Such persons could have been reasonably suspected of either felonious possession (Health Saf. Code, § 11530) or the misdemeanor offense of knowingly being in a place where narcotics are smoked or used (Health Saf. Code, § 11556).
Galloway testified that "because of the number of defendants in the house, I believed there was a possibility of more defendants," and the committing magistrate, in finding probable cause to commit defendant for felonious possession, accepted the testimony as true. (7) "It is axiomatic that in considering the propriety of a motion to set aside an information pursuant to section 995 of the Penal Code, the reviewing court may not substitute its judgment as to the weight of the evidence for that of the committing magistrate. And if there is some evidence in support of the information, the court will not inquire into the sufficiency thereof." ( Perry v. Superior Court, 57 Cal.2d 276, 283 [ 19 Cal.Rptr. 1, 368 P.2d 529].) (8) Moreover, "`The credibility of witnesses at the preliminary examination, of course, is a question of fact within the province of the committing magistrate to determine, and neither the superior court nor an appellate court may substitute its judgment as to such question for that of the magistrate.'" ( Jones v. Superior Court, 4 Cal.3d 660, 667 [ 94 Cal.Rptr. 289, 483 P.2d 1241].)

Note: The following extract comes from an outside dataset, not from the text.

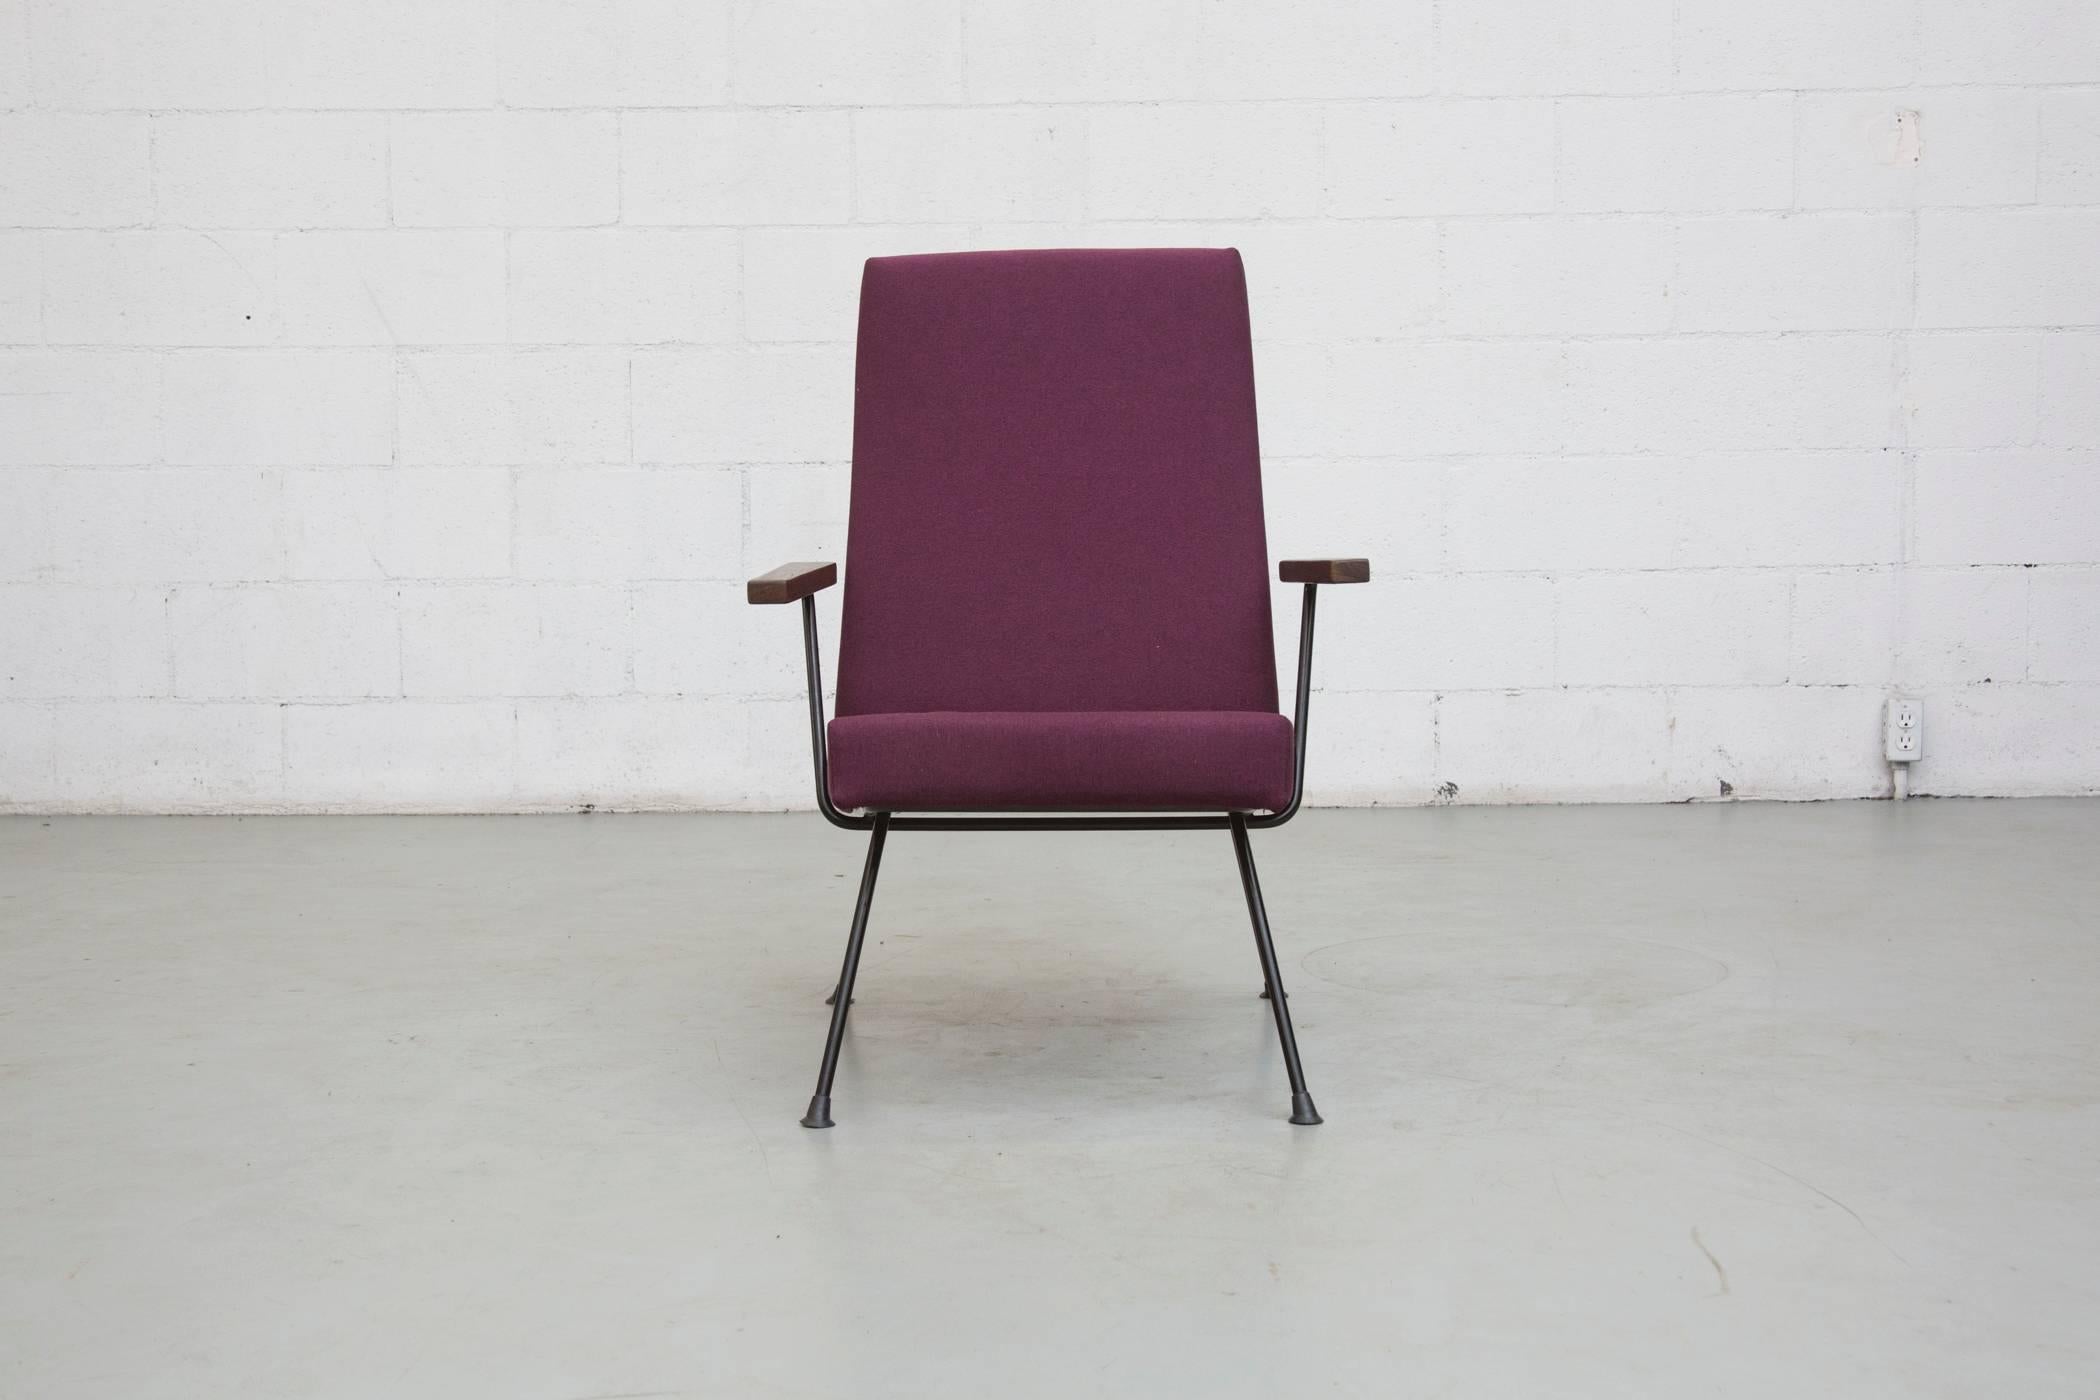 Kembo chair designed by Wim Rietveld. Black enameled body. Wire legs and arms with Wenge arm rests. Freshly upholstered in plum. Frame in original condition with some signs of wear.

The magistrate stated that "The testimony of the officer who went upstairs to the other rooms was that he did so for the purpose of seeing if there were any other suspects in the place. I think that that was a proper purpose, and was not an unlawful search. . . ." By implication, the magistrate must have determined that Galloway's stated purpose for the search was the true and only purpose therefor. Thus, there is no basis for holding that the instant search for suspects was a mere pretext for a search for contraband and consequently improper under the principles set forth in Terry v. Ohio, supra, 392 U.S. 1, 17-19 [20 L.Ed.2d 889, 903-905], and People v. Superior Court ( Kiefer) 3 Cal.3d 807, 813-814 [ 91 Cal.Rptr. 729, 478 P.2d 449].
(6b) Our analysis of this matter is supported by Guevara v. Superior Court, 7 Cal.App.3d 531 [ 86 Cal.Rptr. 657], which upheld the seizure of contraband found during a similar house search for suspects. In Guevara, the officers arrested defendant in his living room for selling heroin; one of the officers subsequently went into the kitchen and observed additional contraband. The court acknowledged that Chimel would invalidate a search for contraband under these circumstances, but upheld the search on the basis that the officer "had a right to enter the kitchen to look for possible confederates of defendant." (P. 535.) The officer's investigation was based upon "information as to other persons which it was their right, and their duty, to follow up," including an informant's statement that defendant was living with a woman, that other persons frequented the apartment, and that a buyer was expected momentarily. (P. 535.)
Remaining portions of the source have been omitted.